At this point, the big question is, will the ‘buy the dippers’ show up?   If they do, then direction will likely remain to the upside though the rate of change appears to have declined noticeably.  If not, well, then maybe we get some meaningful price adjustment.  However, that is getting way ahead of ourselves.  The job now is to await the arrival of the buyers or the magnitude of the initial follow through to the downside.

Our strategy remains to Sell stocks that are near or at their Sell Half Range or whose underlying company’s fundamentals have deteriorated.

The Market’s historical performance in October (short):

    Fundamental
    
       Headlines

            Talk about a rough day for news.  US economic data got us started on a sour note: August durable goods---disappointing; the September Markit services PMI---disappointing; the Kansas City Fed manufacturing index---disappointing; and the silver lining of the day, weekly jobless claims up just not as much as expected.  Clearly, these stats, especially the durable goods number, did nothing to lessen my concerns about a slowing global economy beginning to impact our own.

            After that, it was a downhill slide:

(1)   in a speech in Rome, the Dallas Fed chief made a very negative comment on the level of risk that now exists in high yield bonds,
           
(2)   then Russia delivered a one-two bunch,

[a] first it announced that in retaliation for the EU re-selling Russian gas to Ukraine, it was considering cutting off all gas to the EU.  Oh, darn.  (medium)

[b] then, it threatened freezing foreign assets is response to the Italians seizing a couple of villas of one of Putin’s buddies (short)

            ***overnight, German consumer confidence came in lower than anticipated; and Japanese CPI was less than expected, more evidence that QE isn’t working (it is supposed to increase inflation).

            I said last week that I thought that we would soon be looking at Ukraine in the rear view mirror.  Clearly, that was a bit premature.  Equally clear is that Putin is reminding all the players that there is a price to pay for fucking with Russia---however small the transgression.  Think of his response to the Italians confiscating his buddy’s house and our own response to Mexico which has held for over six months a US citizen who took a wrong turn and accidentally ended up there.  My point is that as long as the West keeps poking Putin in the eye, the risk of a negative geopolitical event remains.

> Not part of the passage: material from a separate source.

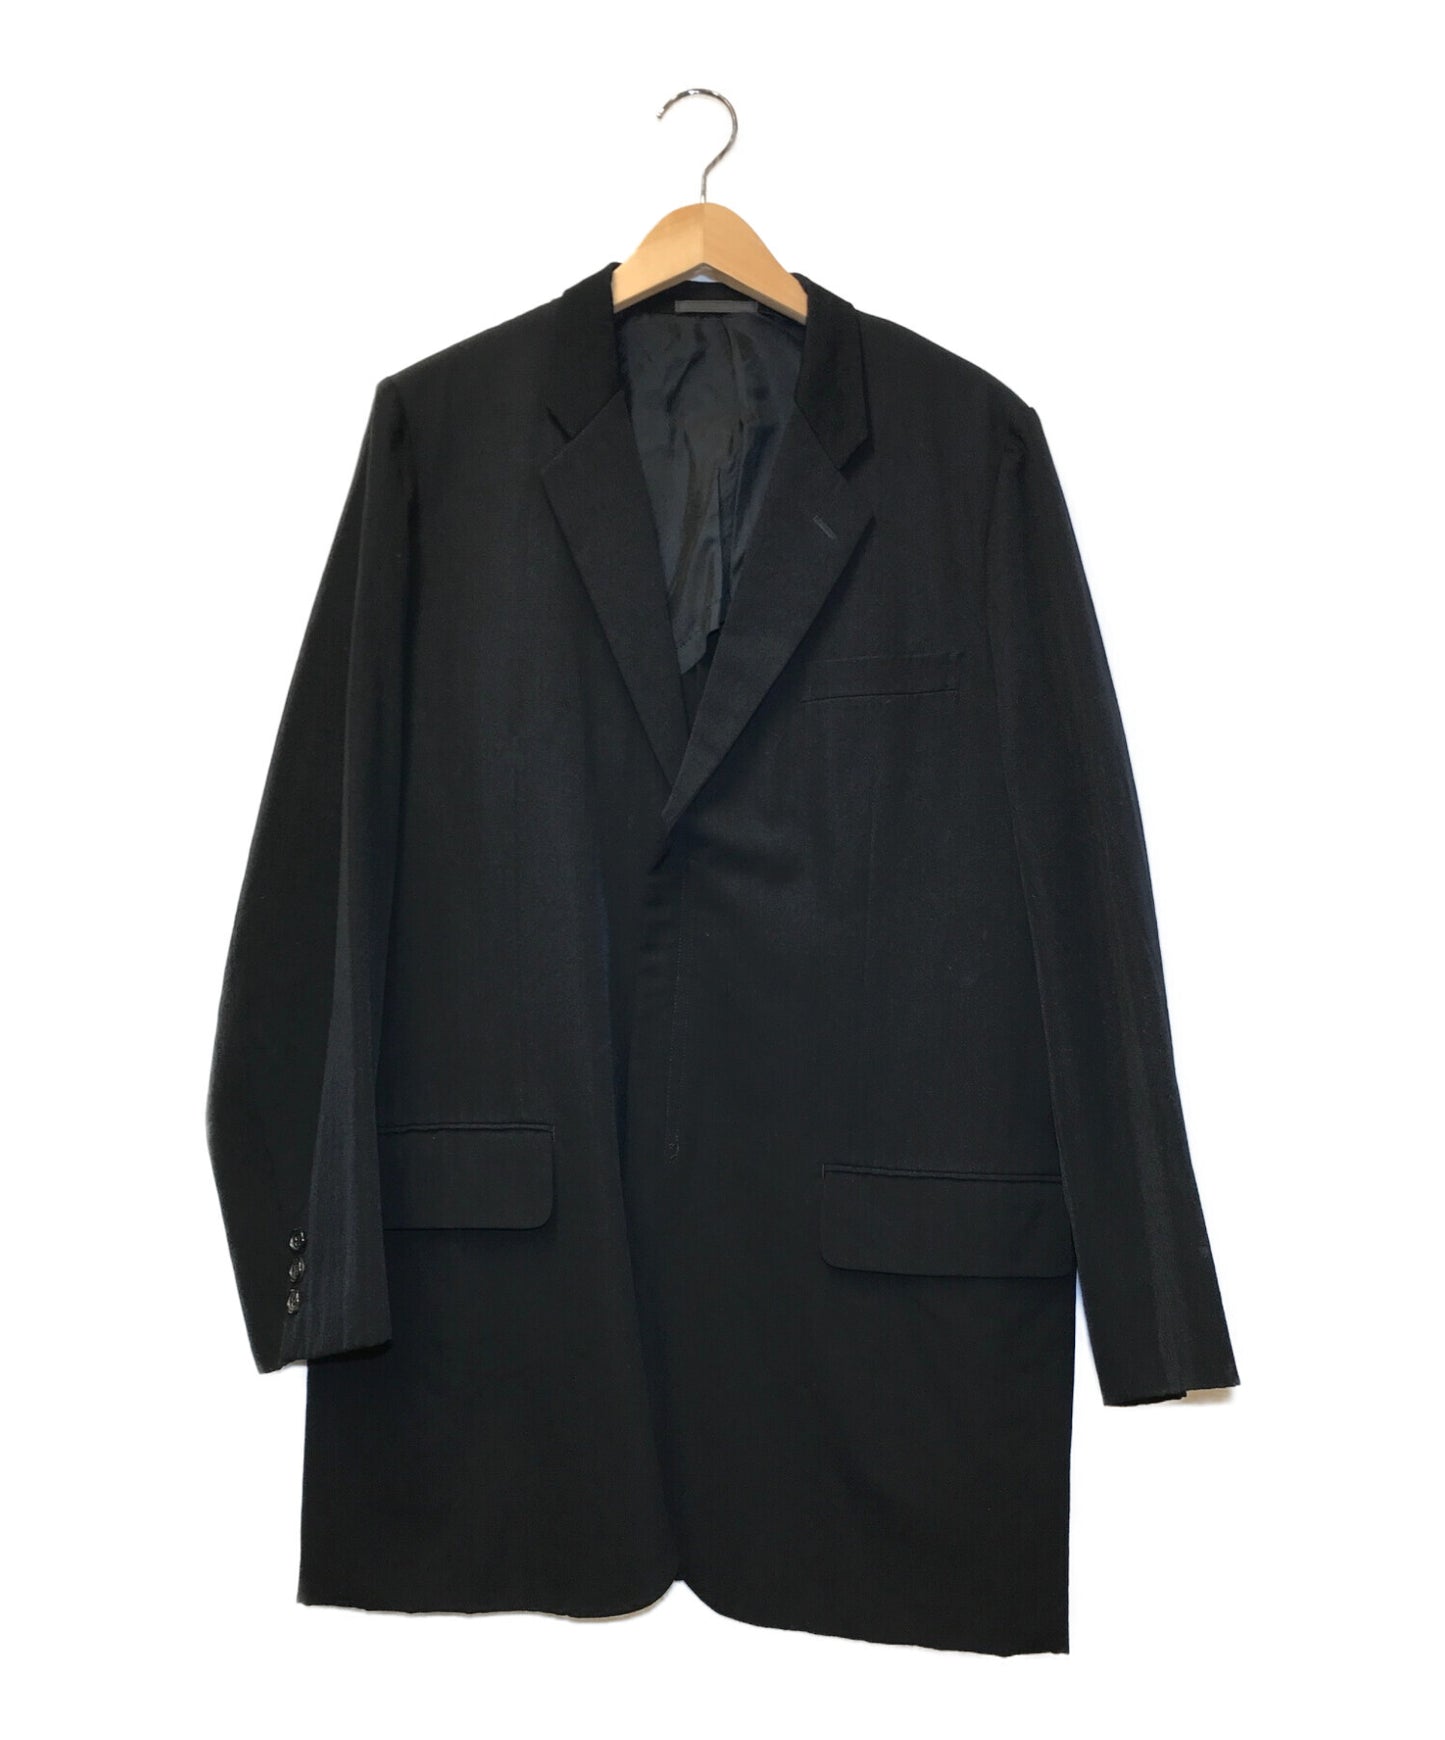 Comme des Garcons Homme [Old] 90 Wool Gabardine Zip Jacket Jacket Tailored Jacket HJ-11004M

Bottom line: the good news was… well, there was no good news.  The bad news was that our forecast got punched again with a lousy primary economic datapoint; in this case, August durable goods orders---which was followed by some equally disappointing secondary stats.  The question in my mind is why this weighed as heavily on investors’ minds especially after the very upbeat QEInfinity news from China and Japan on Wednesday? 

The answer that I would like have is that investors have finally figured this scam out.  QE does nothing for economic progress; it simply assists the mispricing of assets.  Maybe the Fisher speech was an emperor’s new clothes moment; but there have been so many prior more obvious moments, that it seems unlikely.  

As always, there is possibility that yesterday was just one of those random days when the Market internals worked to push prices lower.

However, I come back to a point that I have made several times: the investment environment has changed since the FOMC meeting.  QEInfinity is no longer being viewed as a plus by the gold, commodities, Treasuries and real estate (REIT’s) markets.  I postulate that it could be reflective of the gradual realization that the global economy is slowing irrespective of QE and that is bad news for the US expansion.  So far, the evidence fits.  But much more needs to occur before it can be confirmed.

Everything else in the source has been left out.